- Location: 51°31′11″N 0°21′59″W﻿ / ﻿51.519699°N 0.366504°W Dormers Wells High School, Southall, England
- Date: 11 November 1987 10:00 p.m.
- Target: Mahraz Darshan Das (preacher)
- Attack type: Mass shooting, school shooting, assassination
- Weapons: .38-caliber revolver; Sawed-off shotgun; .22-caliber pistol;
- Deaths: 3
- Injured: 3 (including both perpetrators)
- Perpetrators: Rajinder Singh Batth; Mangit Singh Sunder;
- Defenders: Jaga Singh; An unnamed man;
- Convictions: Batth: murder, manslaughter, and malicious wounding Sunder: murder and manslaughter

= Dormers Wells High School shooting =

School shooting in England

On 11 November 1987, a school shooting occurred at Dormers Wells High School in Southall, London, England. Rajinder Singh Batth and Mangit Singh Sunder, two orthodox Sikhs, opened fire during a Sikh prayer meeting, targeting preacher Mahraz Darshan Das and then the congregation, killing three men and wounding one other. They were then subdued and treated for minor injuries at the hospital. In March 1989, both were sentenced to life imprisonment for murder and manslaughter, and have since been released.

== Shooting ==
On 11 November 1987, Batth and Sunder attended a prayer meeting held by Mahraz Darshan Das, 34, at Dormers Wells High School in Southall, London. Das was a preacher and self-styled Guru who was disliked by fundamentalist Sikhs for his moderate views. The perpetrators had attended several of Das' meetings beforehand. A witness recalled that Batth looked uncomfortable during one of them.

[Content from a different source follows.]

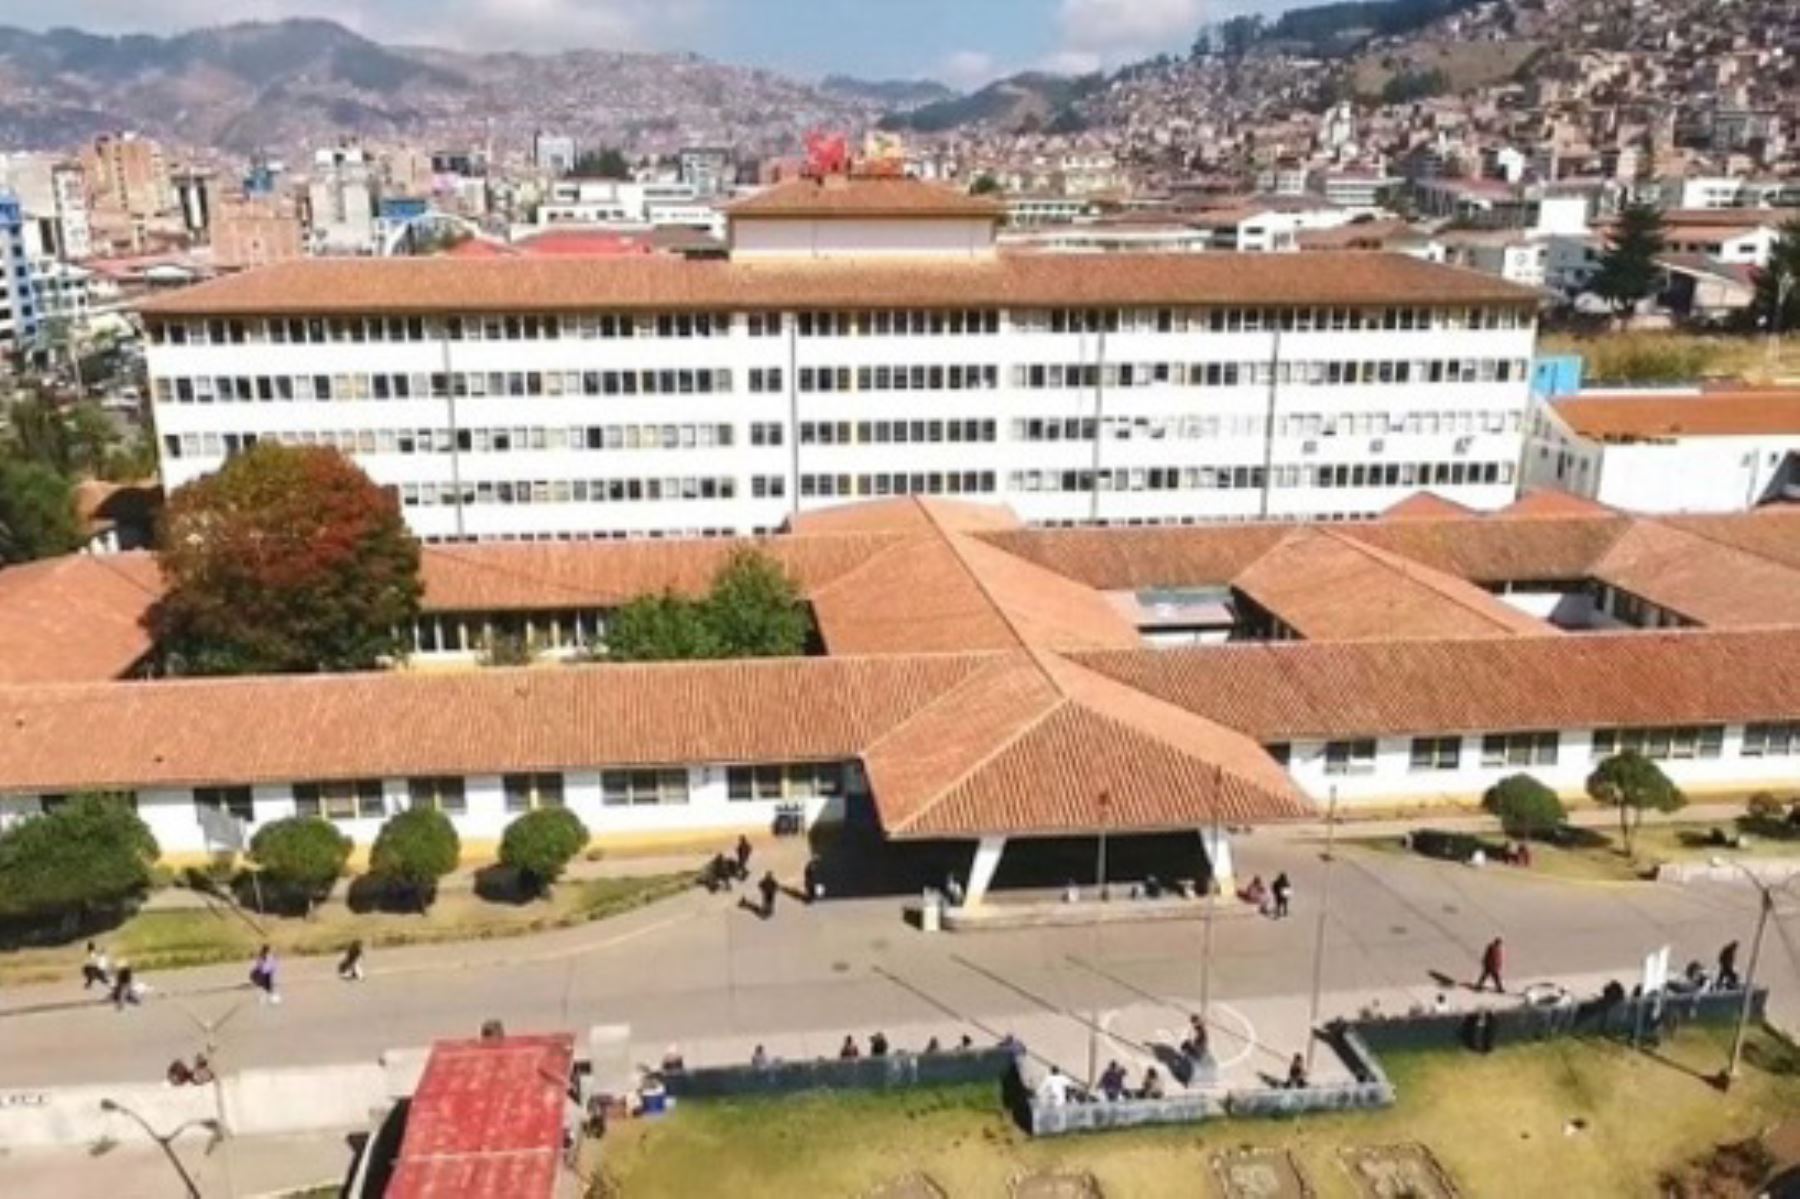 El Ministerio de Salud (Minsa), ejecutará un total de 34 proyectos de inversión por el monto de 1,799 millones de soles en la región Cusco, para mejorar la oferta y servicios de salud para el beneficio de la población cusqueña, informó la ministra de Salud, Elizabeth Hinostroza Pereyra.

After making a statement, Das walked to the front of the stage to talk to the congregation. The two gunmen then stood up and moved towards him. Sunder yelled at him in Punjabi: "what's all this, you dog" before pulling out his sawed-off shotgun from under his coat and firing at Das, missing. Batth subsequently jumped up to the stage, retrieved his .38-caliber revolver from his waistband, and fatally shot Das in the back of the head at point-blank range. The bullet penetrated the back of his ear and ricocheted to his chest.

Afterwards, Batth turned and shot at the crowd. His bullets hit Satwant Singh Panesar, 41, and Dharan Singh Bimbrah, 53. Panesar died 11 days later while Bimbrah was discharged from the hospital on 20 November 1987.

Members of the crowd then rushed towards the gunmen to subdue them. A man tackled Batth and disarmed him without incident. 44-year-old Jaga Singh pushed Sunder to the ground, disarmed him, and punched him. However, Sunder pulled out his .22-caliber pistol and shot him in the abdomen. He died five hours later during surgery at Ealing Hospital.

The police and ambulances soon arrived. The shooters were arrested and then taken to the hospital to be treated for minor injuries inflicted on them by the congregation. A cassette tape used to record hymns and prayers captured audio of 38-second-long shooting.

== Perpetrators ==
Rajinder Singh Batth and Mangit Singh Sunder, both Londoners, were pro-Khalistan extremists upset with Das for his criticism of fundamentalist Sikhs and their wishes for an independent homeland in the Punjab. Both were members of fundamentalist groups within the International Sikh Youth Federation (ISYF). Batth, who was an unemployed 37-year-old, was considered the ringleader of the two. Sunder was 25-years-old and worked at a factory. Batth claimed he purchased their guns for €250 from a man outside of a Sikh temple in Handsworth three months before the shooting.

=== Legal proceedings ===
The perpetrators were both charged with three counts of murder, and Batth was also charged with malicious wounding in relation to Dharan Singh Bimbrah. The charges were later reduced to one count of murder and one count of manslaughter.

Halfway through the three-week-long trial, on 1 March 1989, Sunder pleaded guilty to the murder of Das and the manslaughter of Jaga Singh. Later that month, after deliberating for five hours, the jury found Batth guilty of Das's murder, the manslaughter of Singh, and malicious wounding. The judge sentenced both to life imprisonment, with the recommendation that Sunder serve at least 20 years and Batth serve at least 30 years.

Batth was released from prison in December 2021. He then returned to India and was honoured, along with his family, by jathedar Giani Harpreet Singh at the Akal Takht with siropas. Regarding the event, Batth said he was "lucky to be honoured at the Takht." Sunder has also been released.